Welcome to my Crime and Justice blog! I am a 19 year old criminal justice student at the University of Winnipeg. I advocate for prisoners' rights, human rights, equality and criminal justice/prison system reforms.

Monday, June 7, 2010

Lock up the real criminals: editorial


The Tories’ tough-on-crime legislation, and its recent yanking of the troubling two-for-one credit for pre-trial custody that gave kisses even to gangbangers, was a long time coming.
But it is about to create another dilemma.
And that’s the overcrowding of our federal prisons.
According to the European Union and the United Nations, the surest sign of a poorly-run and dangerous corrections system is the overcrowding of a country’s penal institutions — a situation that, in many U.S. jurisdictions, and particularly California, has led to successful litigations for cruel and unusual punishment.
We couldn’t care less if they pack them in like sardines.
As long as they are the right sardines.
There are two options, of course. Either we build more prisons, or we make sure the right people are in the cage.
Did Ashley Smith belong in a cage, for example? Not a chance.
The New Brunswick teenager was mentally ill, not a hard-core criminal who belonged behind bars.
Smith, who committed a series of minor offences, including throwing crab apples at a letter carrier, spent 2003 to 2006 in two New Brunswick correctional facilities.
She was later transferred to several different federal prisons across Canada, eventually arriving at a federal women’s prison near Kitchener, Ont., where she was found dead in her cell in October 2007 — a ligature around her neck.
Corrections Ombudsman Howard Sapers, in an interview with the Sun recently, called her demise a “preventable death,” and he wrote a scathing report saying just that.
According to Sapers, a full 30% of the women now incarcerated in our federal prison system suffer from psychiatric illnesses.

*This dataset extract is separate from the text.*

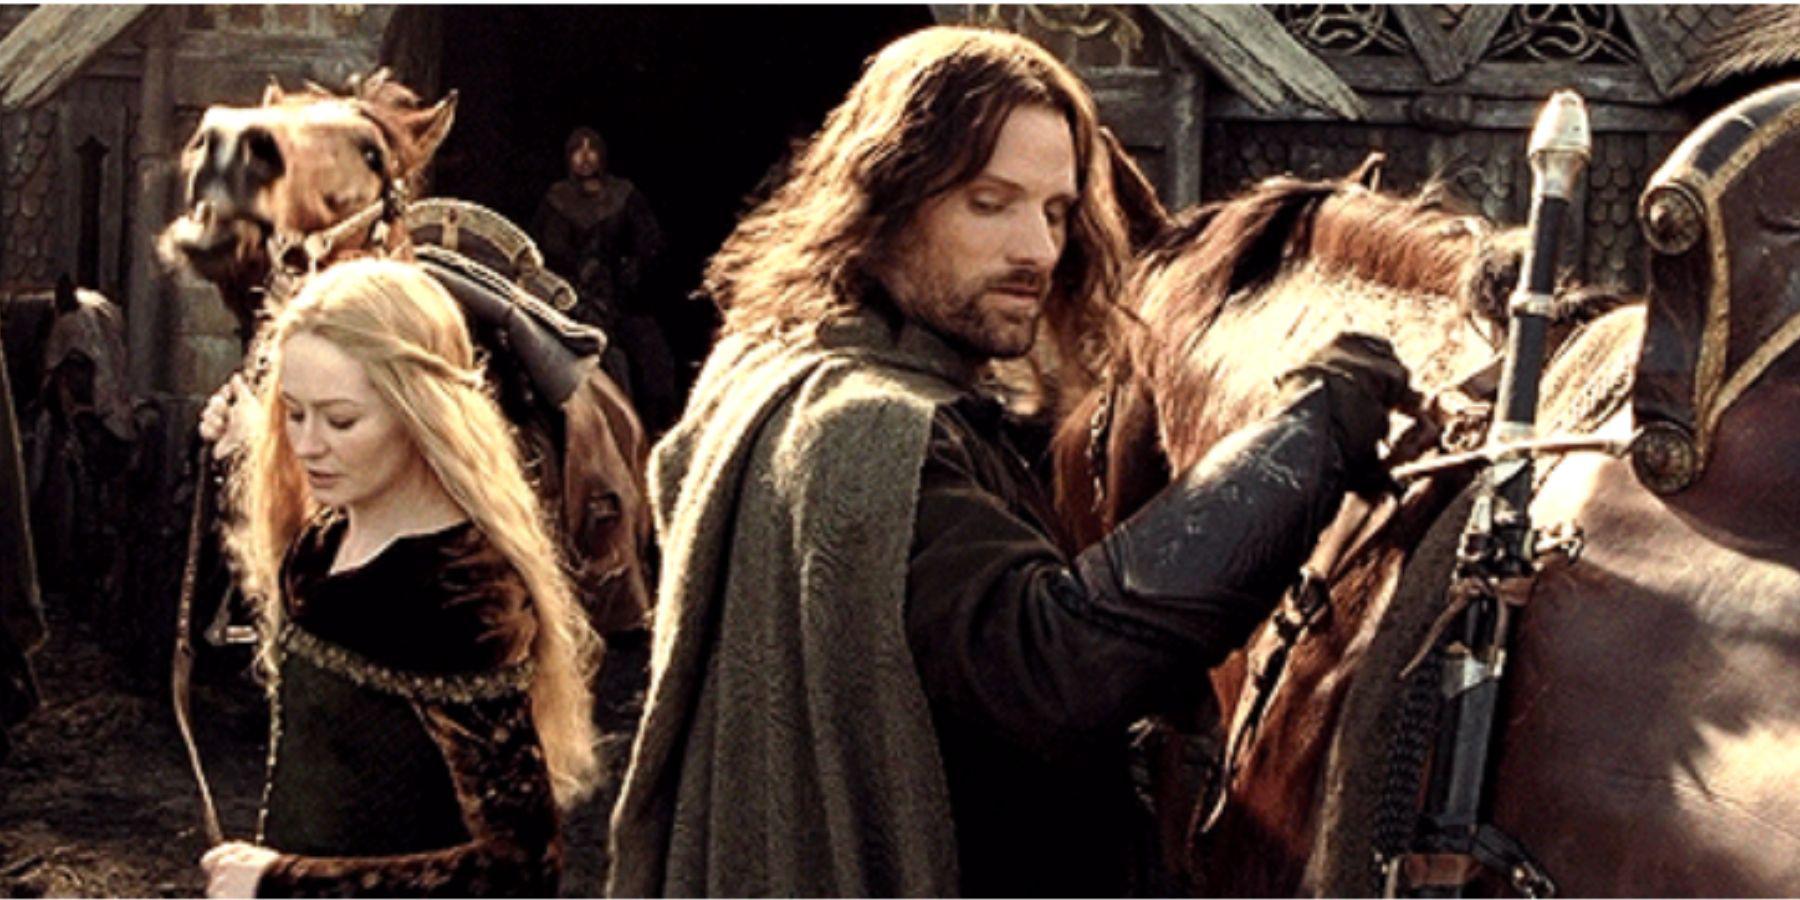 LOTR: Éowyn se contentou com Faramir porque Aragorn a rejeitou?

They are not criminals by definition. They are mentally sick.
As for men, the numbers ranges from 10% to 15%.
There is no mixed message here. We have no bleeding heart when it comes to the punishment of criminals.
The more the merrier, and throw away the key when it comes to repeat sex offenders and first-degree killers.
But, by weeding out the 30% of women, and the 15% of men, who need psychiatric care rather than federal imprisonment, more cells become open for the ones who truly belong there.
And that makes our streets safer. 

"We couldn’t care less if they pack them in like sardines."
 I guess you don't really care about creating safer communities then. Overcrowding causes levels of violence to increase in prisons, leading to better chances of re-offending when released.

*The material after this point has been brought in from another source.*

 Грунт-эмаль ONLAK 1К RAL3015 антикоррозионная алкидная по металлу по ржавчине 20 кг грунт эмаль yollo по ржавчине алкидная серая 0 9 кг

Longer prison sentences, increase the chances of re-offending and decrease the likelihood of successful reintegration. Imprisonment should be a last resort in all cases. All other lesser restrictive options should be considered before prison, especially for aboriginal offenders, who can better benefit from restorative justice. We should only imprison those individuals who pose a danger to society and who are violent. We should not imprison property offenders, drug offenders, non violent offenders, those with many mitigating circumstances, those with mental illnesses. Prisons also need to be reformed, to place more emphasis on rehabilitative justice and less on punishment and retribution. We need to lessen the deprivations experienced by inmates.